On Thanksgiving evening, a group gathered to go to an Australian restaurant. The Australian chef had arranged to do a traditional Thanksgiving feast with a bit of Colombian flare. The small restaurant was filled with cruisers, oil field workers and Colombian school teachers. Though each group tended to stay to themselves, the restaurant had a warm, happy atmosphere. Football (American style) was also playing on the TV so all the Texans in the crowd were happy to see the Texas / Texas A&M game. The feast included the traditional turkey, dressing, mashed potatoes, gravy and cranberry sauce and the Colombian flare was the lovely pumpkin soup, vegetable mix and rum and lemonade cocktail. It was a fun evening.

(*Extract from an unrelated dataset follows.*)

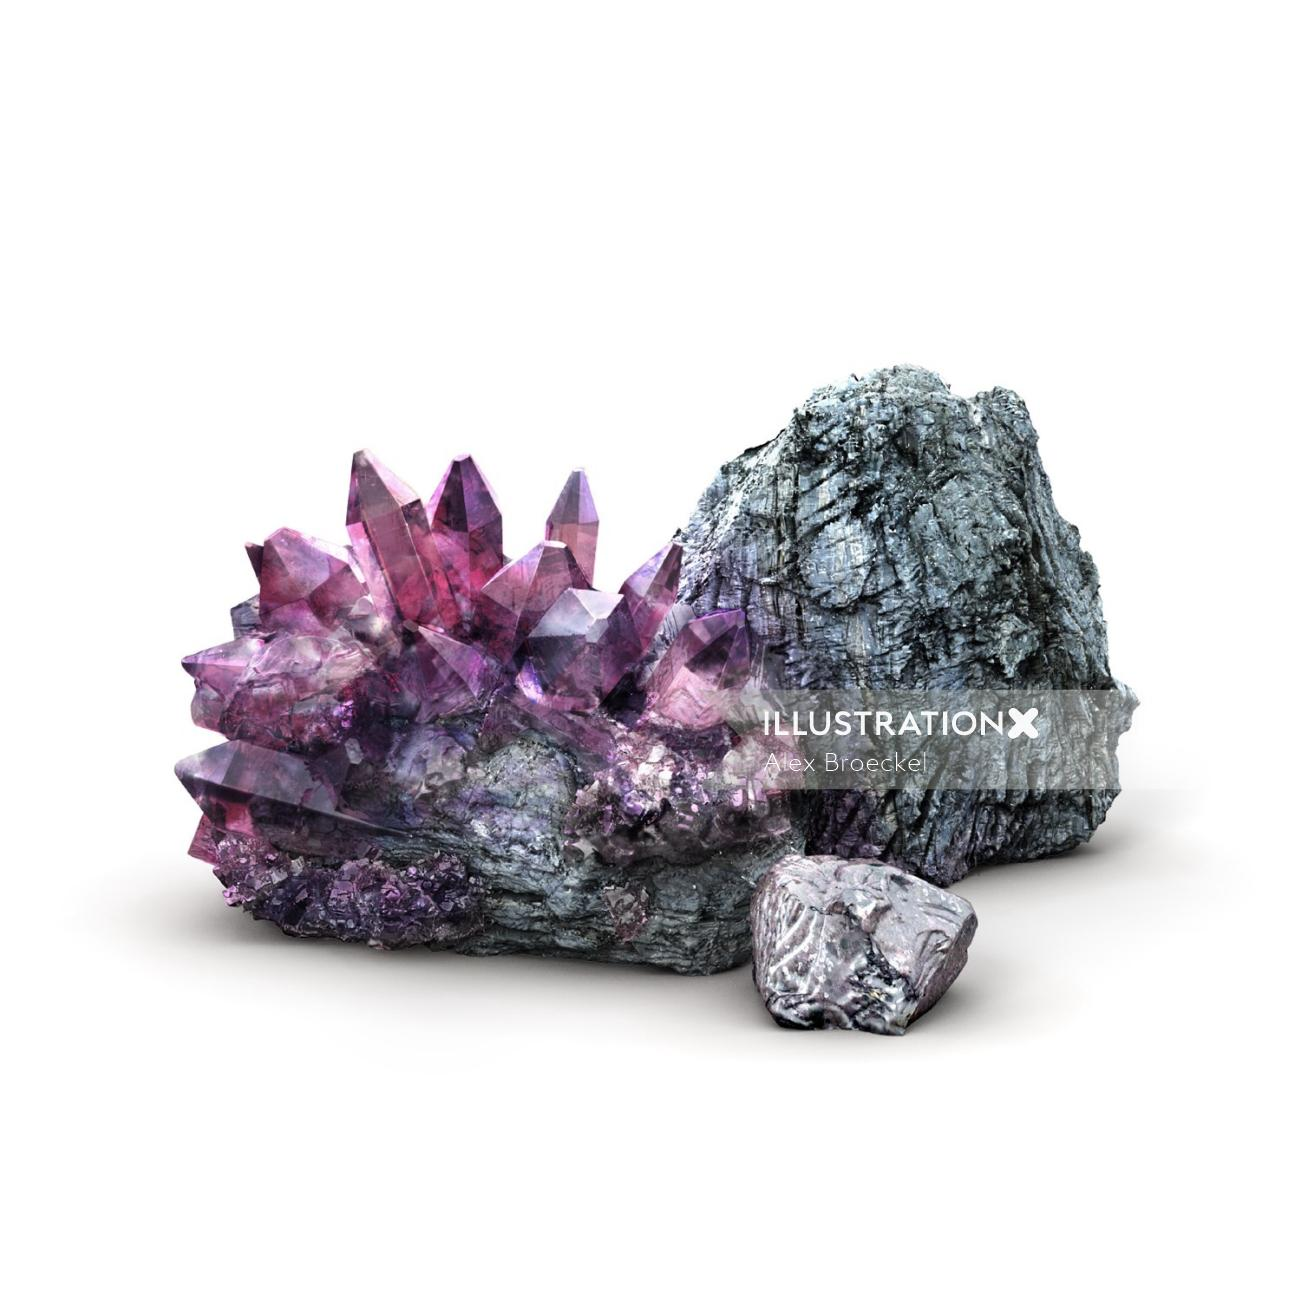 3d illustration of crystal

Friday, we went to a local dentist for a teeth cleaning. It was okay – though not as thorough as our St. Petersburg dentist's. But it was good to get it done and it was reasonably priced. Then, Michael continued to work on the wiring of the new arch. He was making great progress with the wind generator now working, the radar hooked up and the anchor light working. He continued with the GPS, safety light and stern navigation light. Barbara headed for Casa de Queso – the cheese house. This is a local man who makes his own Italian style cheeses. Good, hard cheese in Colombia is hard to find at a reasonable price and we had heard about this place. So, together with "Miss Kitty" she headed via cab to Bosque where the place is located. It was an interesting shop and Barbara bought some cheddar-like cheese, smoked provolone and some buffalo mozzarella. Before we depart for the cheese-less San Blas, we'll probably make another stop there.
On Saturday, we got caught in a monster rain storm. We've never seen rain dump quite so hard so quickly. We were just walking back from a Home Center store where we had to return a light we had purchased earlier in the week. About six blocks from the dinghy dock, it started to rain, then it poured. We ducked into an open air, covered restaurant along with lots of others. It was lunch time so we ordered the "comida corriente" (meal of the day) and found a relatively dry place to sit. And we watched it rain and rain and rain. It was coming off the roof like a fire hose running at full speed. The streets (which have trouble dealing with even lighter rainfall were turning into rivers. We enjoyed watching a delivery kid on a bicycle coming back and forth wetter and wetter. Hope he was being well tipped for his efforts. He was soaked.
We finally gave up and made a run for it getting as far as the grocery store. Many of the streets we crossed were calf deep in water with a strong current. It was crazy. We got back to the boat soaked and the dinghy was barely floating it was so filled with water.
On Sunday, we had organized a nautical flea market. We promoted it all week on the morning radio net (Barbara getting back into her promo writing mindset). We had lots of stuff to get off the boat – an alternator, a prop that we rescued from a landfill (someone was just going to throw it out so we said we'd get rid of it and had tried to give it away in three different countries – here we managed to actually sell it and make 40,000 pesos!), old line (quickly grabbed), an old fender (not guitar), small bits and pieces. We managed to get rid of a few things and came back with less than we left with. Michael was good and didn't buy anything (a first for a nautical flea market for him).
Sunday evening was the weekly barbeque and potluck. Club Nautico lights a large charcoal grill and everyone brings their main course to cook and a side dish to share.
It was a busy Thanksgiving weekend for the crew of Astarte. We hope yours was filled with family, friends, food, football and Friday Christmas shopping. We're thankful for all our family, friends and readers.